A disruption of plant communities in the park also could take place. (See section 7.) Some forests in the park could be replaced by grasslands. Other forests could decline because of hotter, drier conditions. The park’s expanses of alpine tundra, meadows, and wildflowers, plus a rare cedar-hemlock ecosystem, could all be reduced. Infestations of insects such as mountain pine beetles could increase.


More wildfires are likely, leading to more campfire bans, closures of trails, and reduced visitation. (See section 8.)


A loss of fishing can result if high water temperatures stress trout enough to lead to fishing closures or to elimination of trout from certain streams. (See section 9.)

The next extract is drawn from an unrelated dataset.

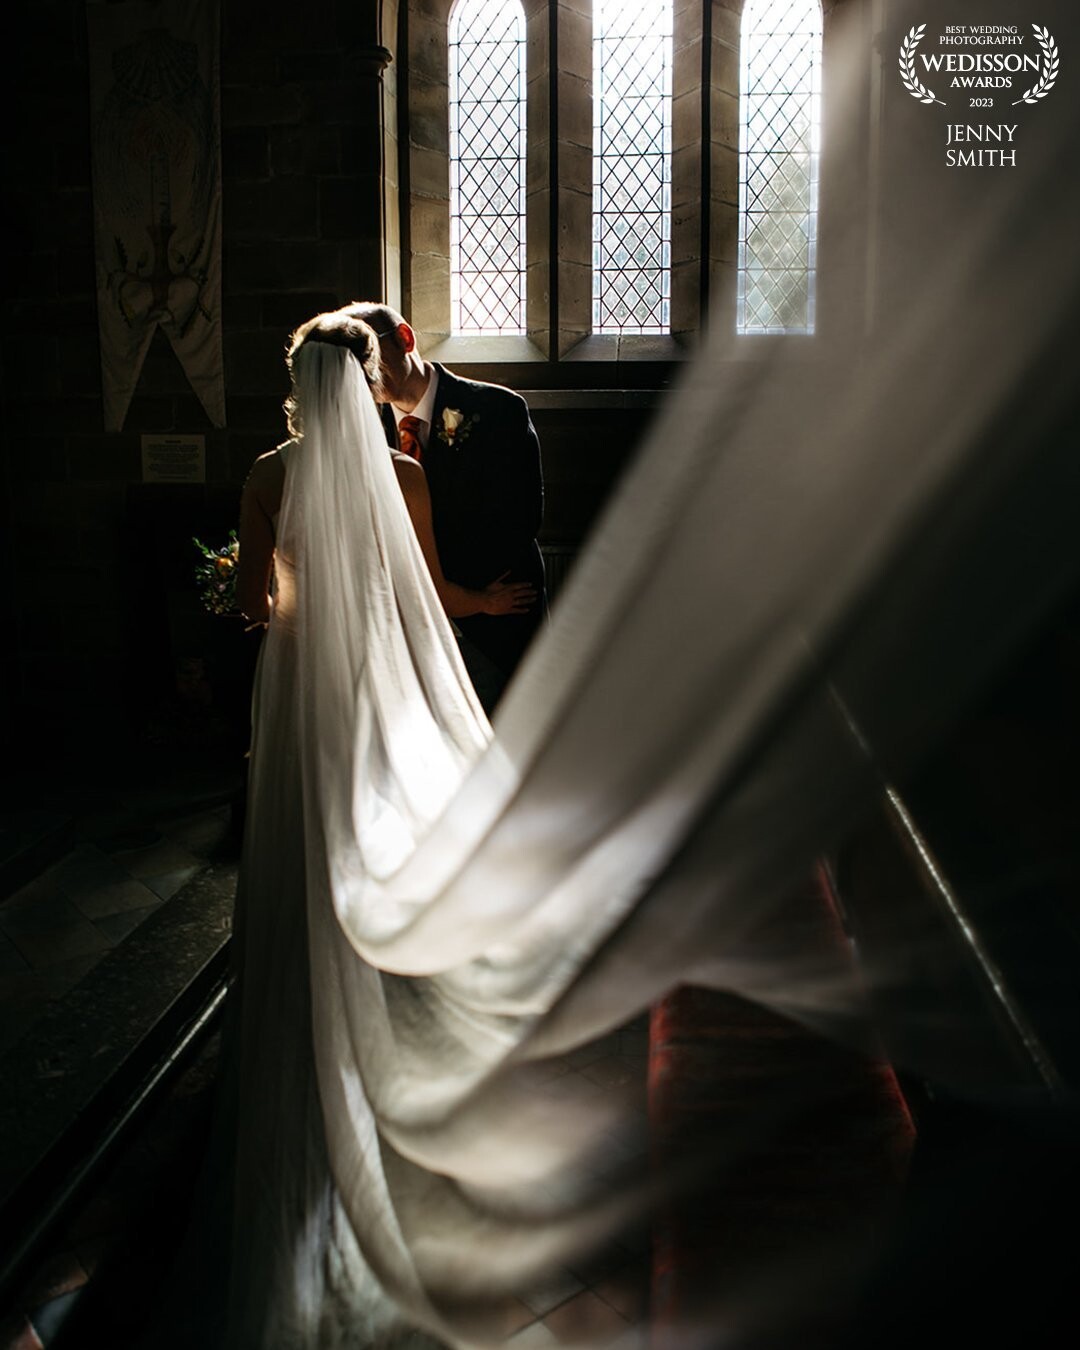 After the ceremony we went back into the church to take some portraits whilst the guests made their way to the reception. Being a sunny October day the afternoon sunlight flooded through the windows and the photos took on an ethereal quality.
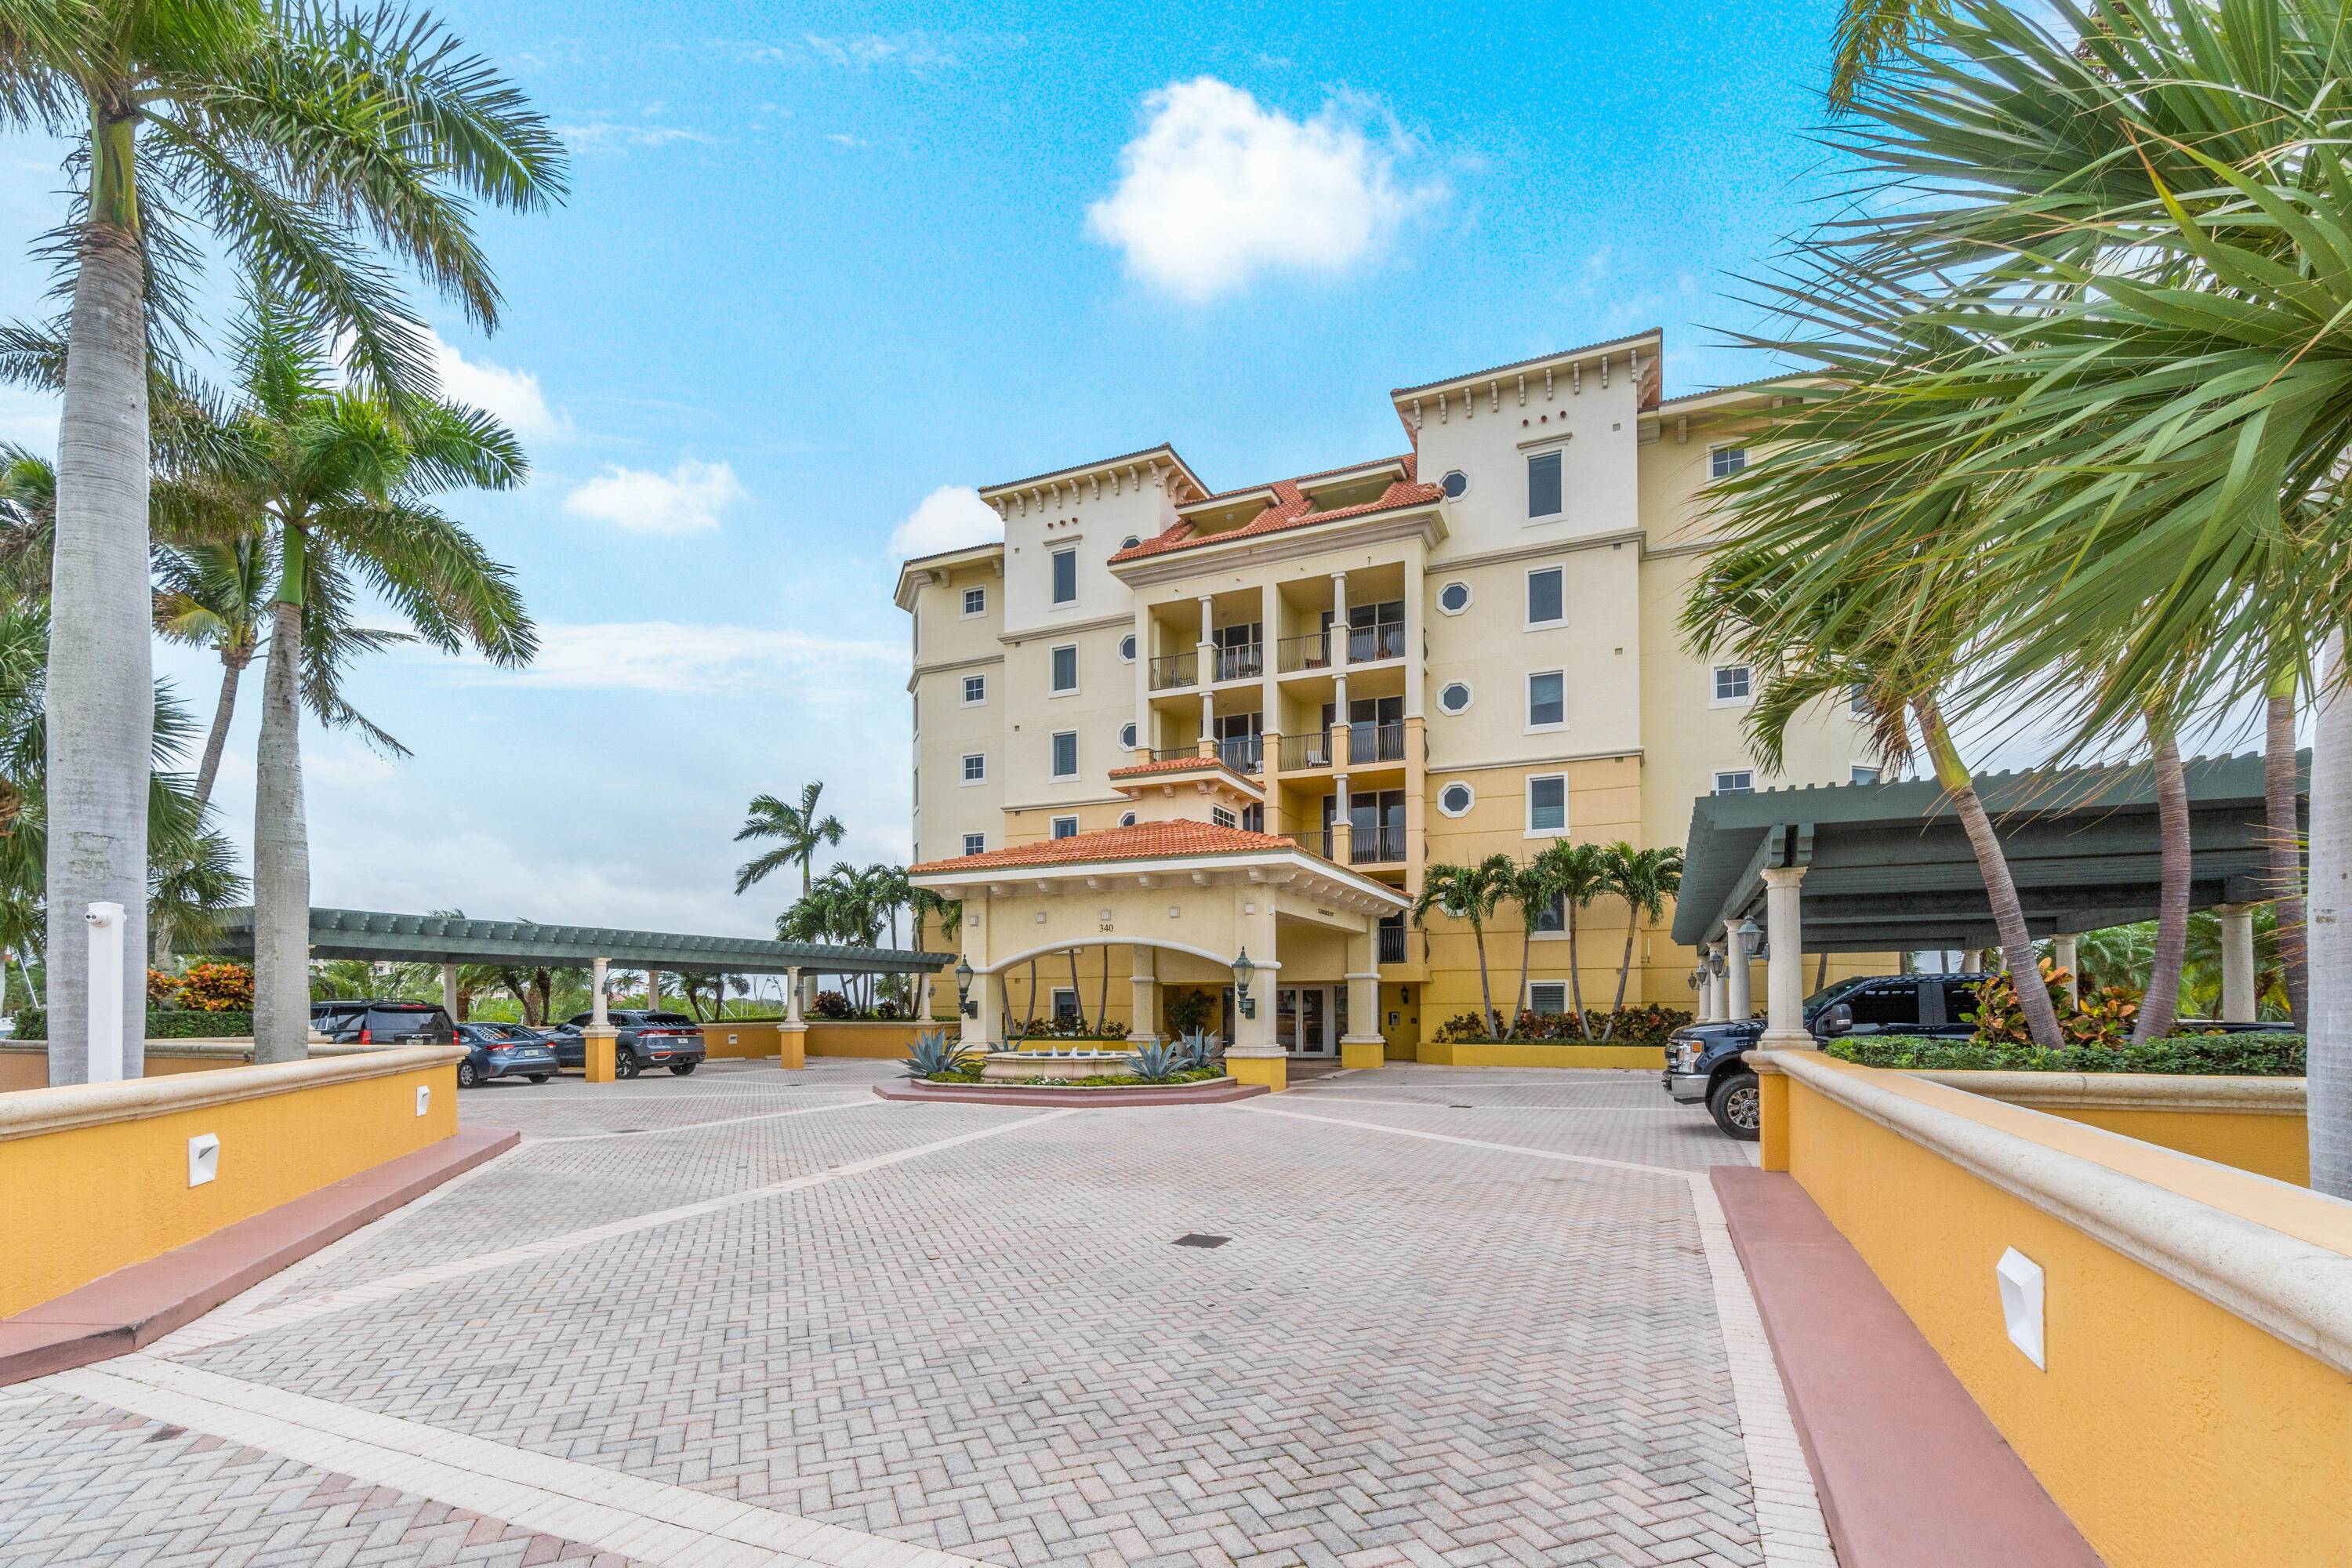 Rare opportunity to rent a fully renovated, turnkey waterfront condo at ''The Pointe at Jupiter Yacht Club.

More downpours and flooding are likely to be caused by increases in extreme storms, which can result in closures of park areas and reduced visitation. (See section 10.)

The otherwise superb Report was polluted with this piece of “clean coal” garbage by NRDC:

Accelerating the development and deployment of emerging clean energy technologies to lower long-term emission reduction costs. That means incentives and investments in renewable electricity, lowcarbon fuels, and carbon capture and storage, including a federal renewable energy standard, as well as infrastructure upgrades to support transmission capacity for these renewable assets. Finally, regulations to require any new coal-fired power plant to capture and permanently geologically sequester at least 85 percent of its carbon dioxide emissions, along with state and federal regulatory frameworks for site selection, operation, and monitoring for carbon capture and geologic storage systems.

There is no such thing as “clean coal”. World renowned global warming scientist Dr. Jim Hansen has called NRDC out on this.

NRDC should be ashamed of advocating for it via the CCS technological boodoggle.